# the doping "era"??? hasnt doping been intertwined since the beginning?



## coleman22 (Jul 30, 2013)

for someone like myself who is new to watching pro cycling, i am really curious as to the history of the TDF and where the sport is in modern times.

looks like the media has done a good job of portraying pro cycling as recovering from a "dirty era", specifically the lance years. what is don't get is how the entire history of the TDF is getting ignored in the process. looks to me like you can't find a "clean era" in its' history. 

amphetamines, cocaine, corticoids, and even ETHER for christ's sakes has been used by riders for getting through the tour. but, here we stand today and Eddie Merckx is revered despite his admitted drug use and failed drug tests while Lance is the face of doping in cycling. 

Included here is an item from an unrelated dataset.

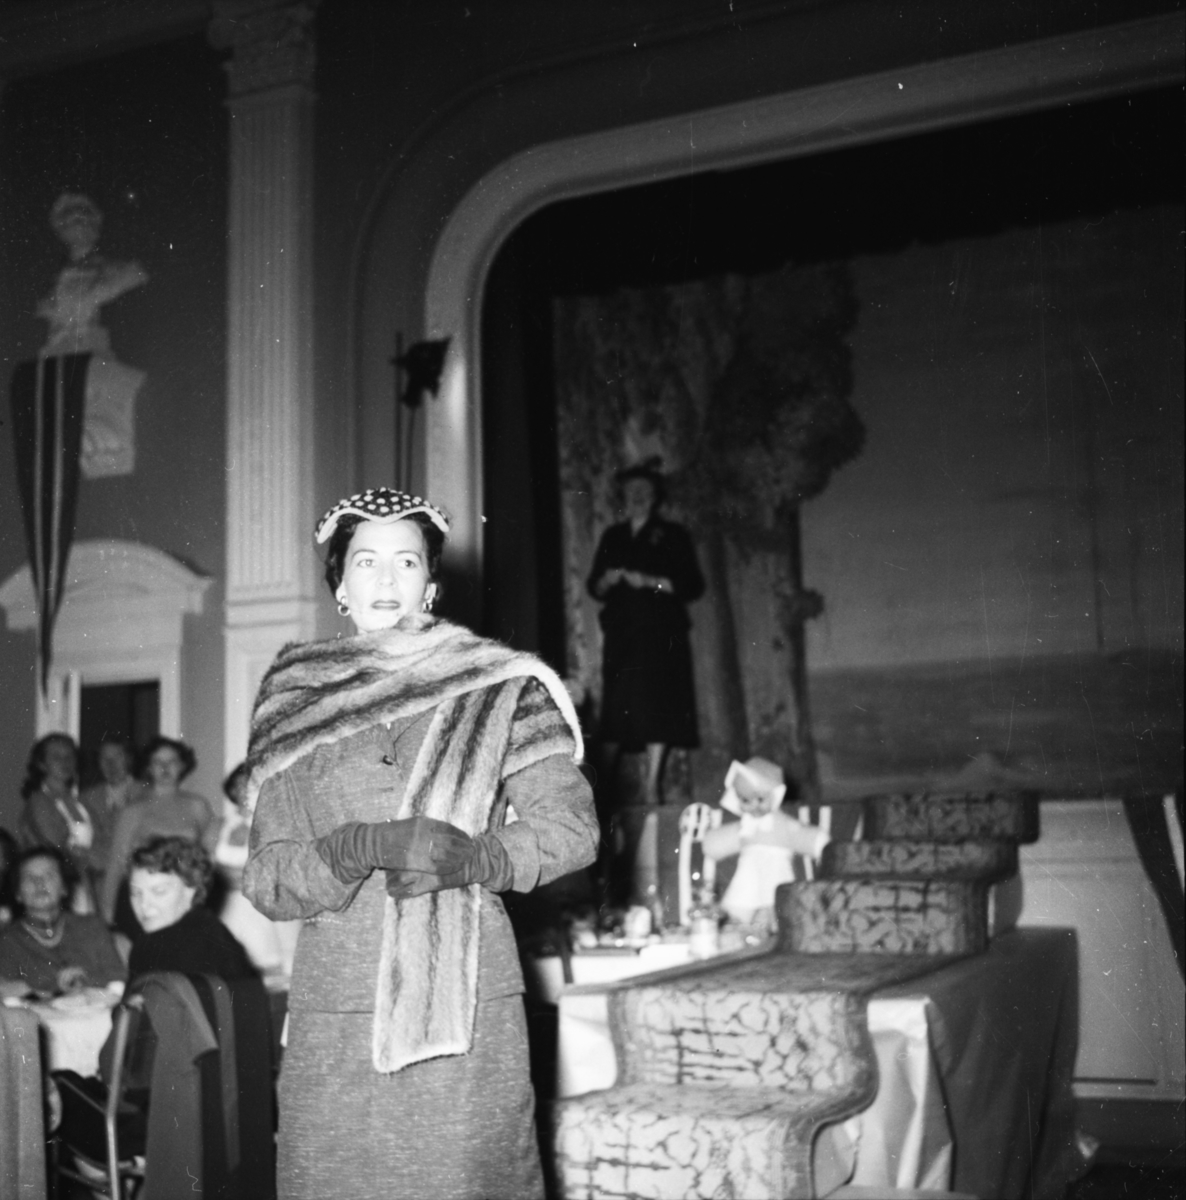 Vardens arkiv. "Mannequin-oppvisning i Festiviteten" 23.04.1954

to me it looks like pro cycling is glad to have this situation where one guy can take the fall for the entire sport, all the while the public can forget about everybody else who "cheated". Which by the way isn't cheating if all the other top riders are doing it. 

i just can't help but see the problem in labeling the 90's though 2007 as the "doping era". i don't make a distinction between EPO and amphetamine usage despite the obvious difference in effects. A drug is a drug is a drug, and i feel certain that if EPO was available in Merckx or Anquetil's time they would have been doing it.

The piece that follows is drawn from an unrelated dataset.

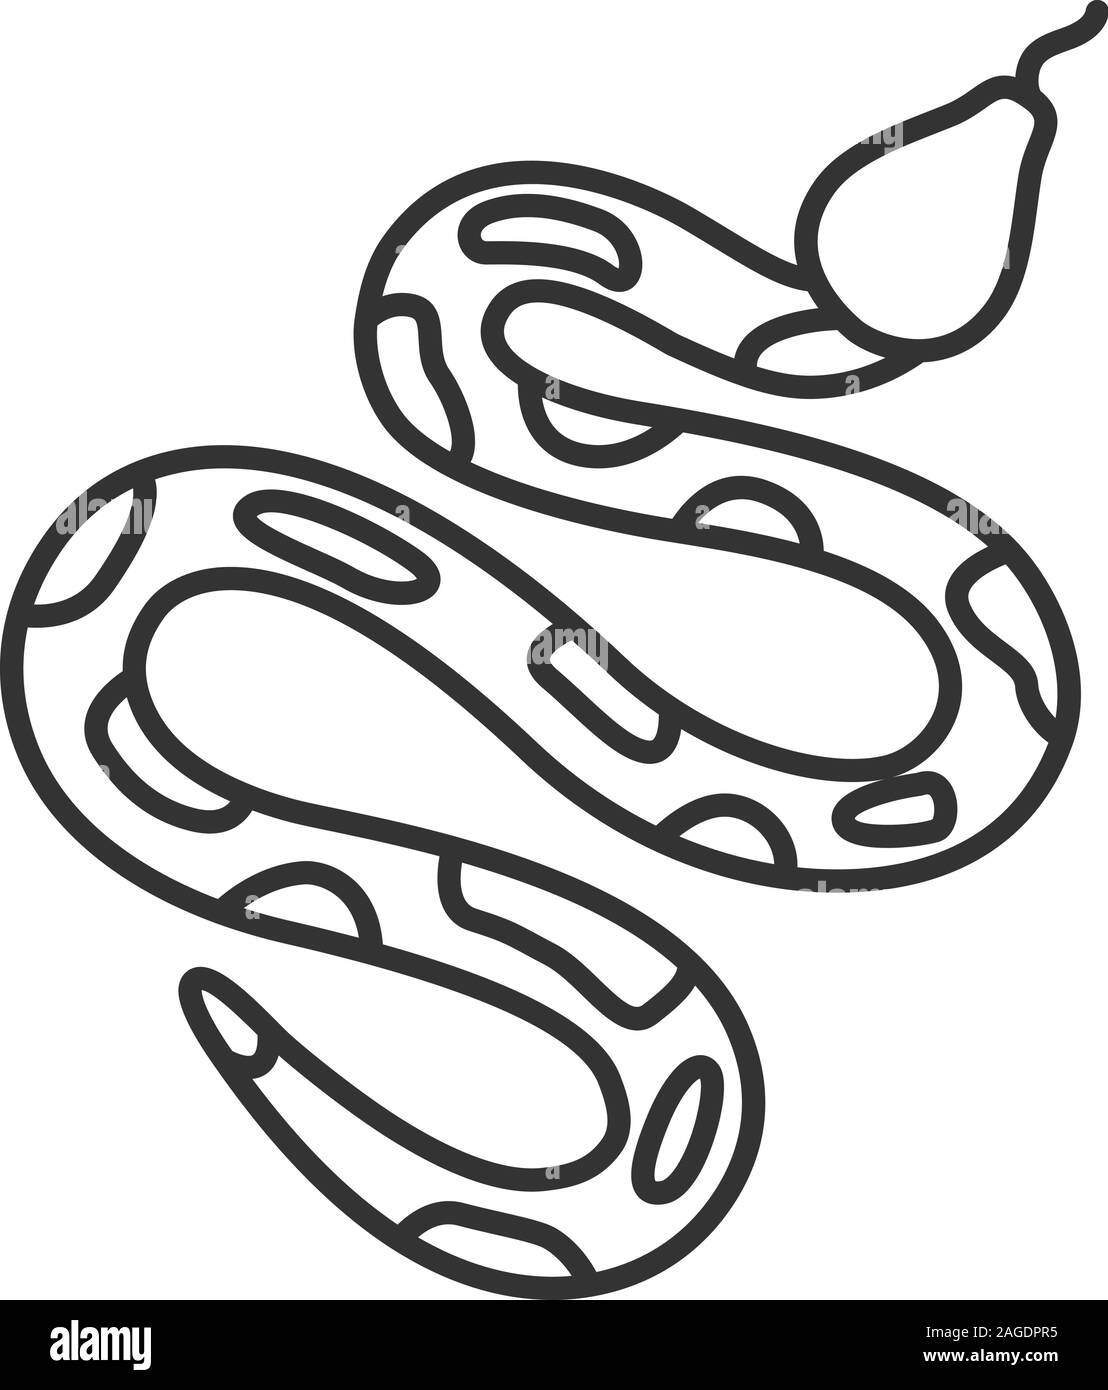 apollo symbol python

i think that this "new clean era" of cycling is highly suspicious. the entire history of doping in the tour is being marginalized and portrayed as brief history of "cheaters" with really just one guy taking the fall...

all thoughts are welcomed:thumbsup:


----------



## Data_God (Oct 9, 2012)

As a Noob you have to understand there was Doping ... and then there is Doping. The two are different. Allow me to explain the subtleties. First of all prior to the "dirty" era even if doping were done it could be over come. There is enough data to convince me of that fact. The problem came with Oxygen Vector Doping in the late 1990's. This was an absolute game changer. A clean athlete could not hope to compete against one that was using O2 Doping. So the dark days of the Tour was rife with it and you could argue that virtually all doped. Entire Teams. And for the record don't anyone bring out that old tired statement about "if everyone doped then the playing field was level" because it wasn't. Many very talented riders that were not inclined to O2 Vector dope were forced to quit. While others, sadly did not.

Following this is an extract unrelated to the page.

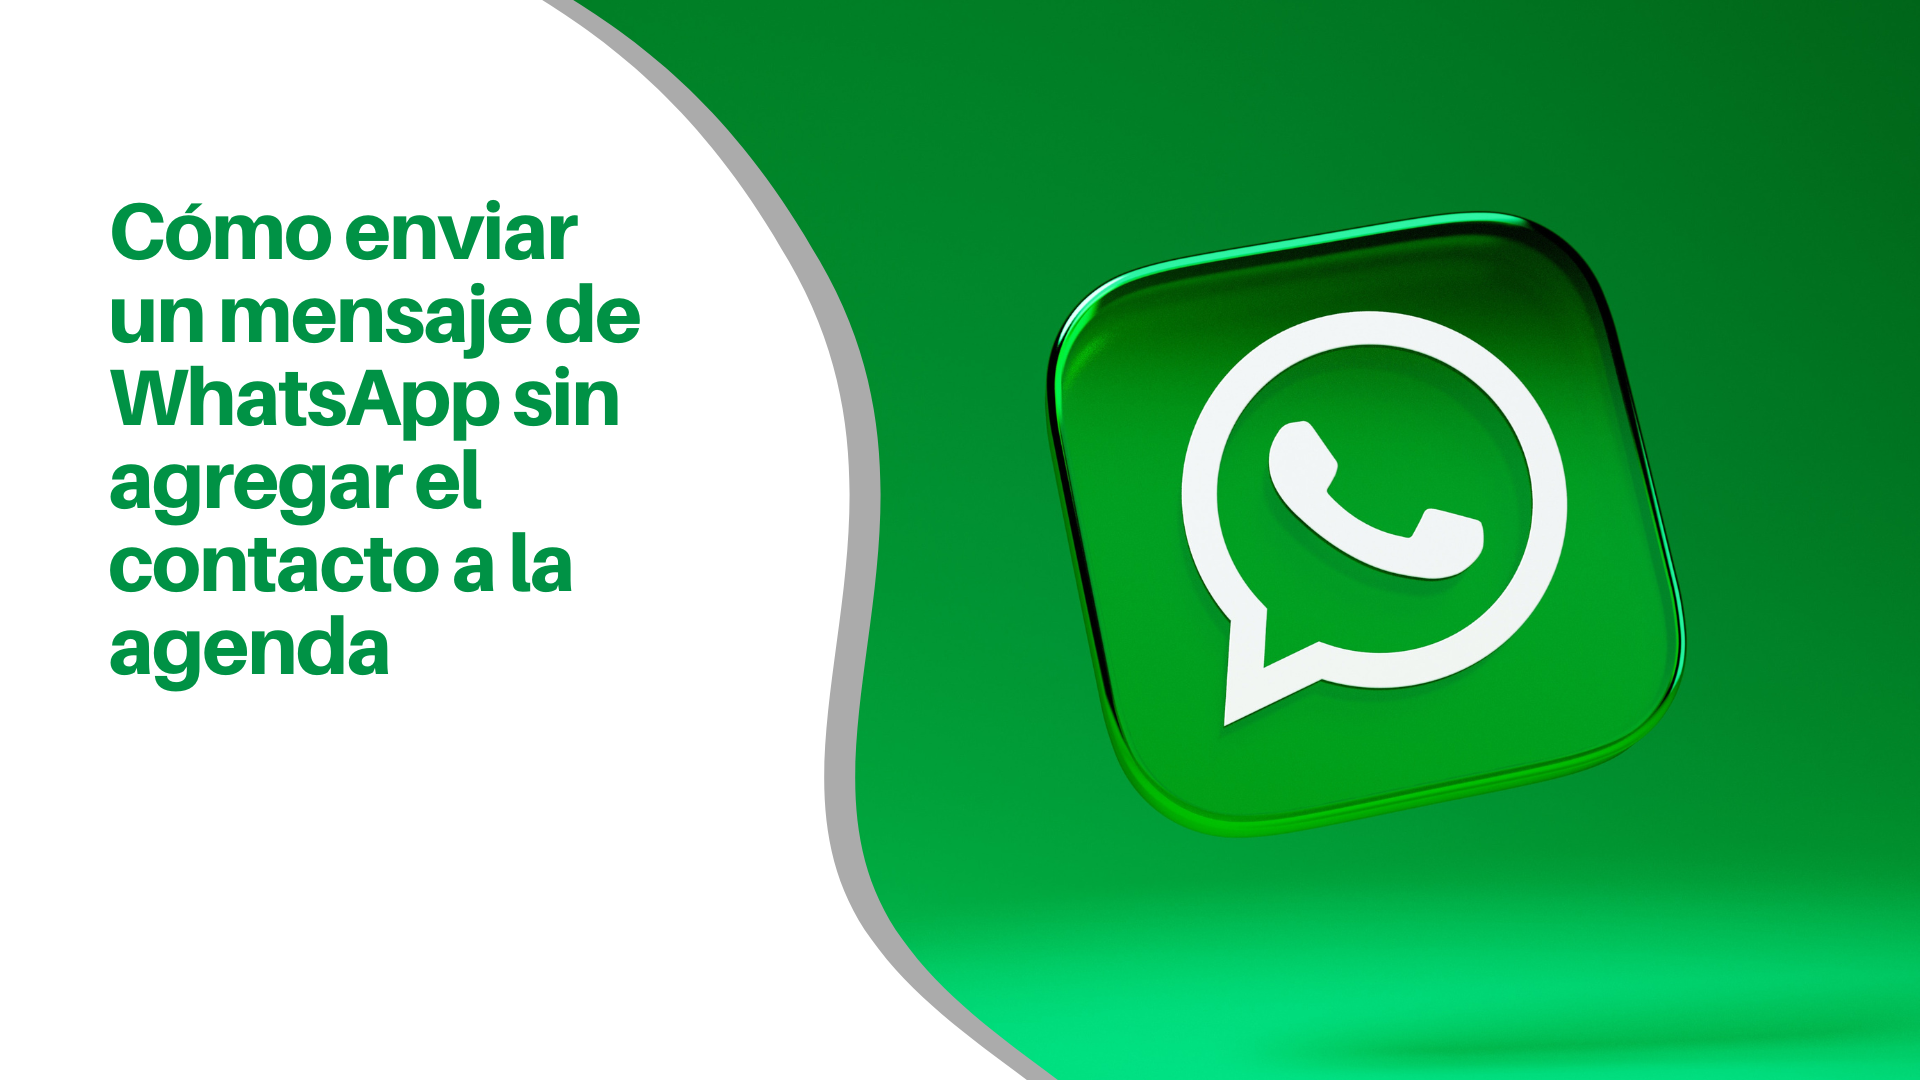 C Mo Enviar Un Mensaje De Whatsapp Sin Agregar El Contacto A La Agenda

So while it's easy to discuss "doping" I think it's more relevant to discuss what type. HGH is of little benefit during the season and primarily used off season if at all. Corticosteroids can be gotten around somewhat by a TUE. Testosterone promotes healing and recuperation but it's also pretty simple to detect. Blood Doping though is a whole new ball game. And here is where there can be some real gains made. And that's what I believe is generally referred to as "Doping" in the modern sense.

That's my $.02. 

Bill


----------



## Doctor Falsetti (Sep 24, 2010)

There is certainly a doping era. While it may be vague when it started it is pretty clear when it became mandatory, the 1994 Gewiss team crushing everything made it clear that there were new rules and if you did not like them you need to leave the sport. Riders like Edwig Van Hooydonck, who won Flanders twice before he was 25, chose to leave the sport

In the 80's it was possible to ride, and win, clean. The drugs at the time enabled a rider to race 250 days a year but did little to increase output. 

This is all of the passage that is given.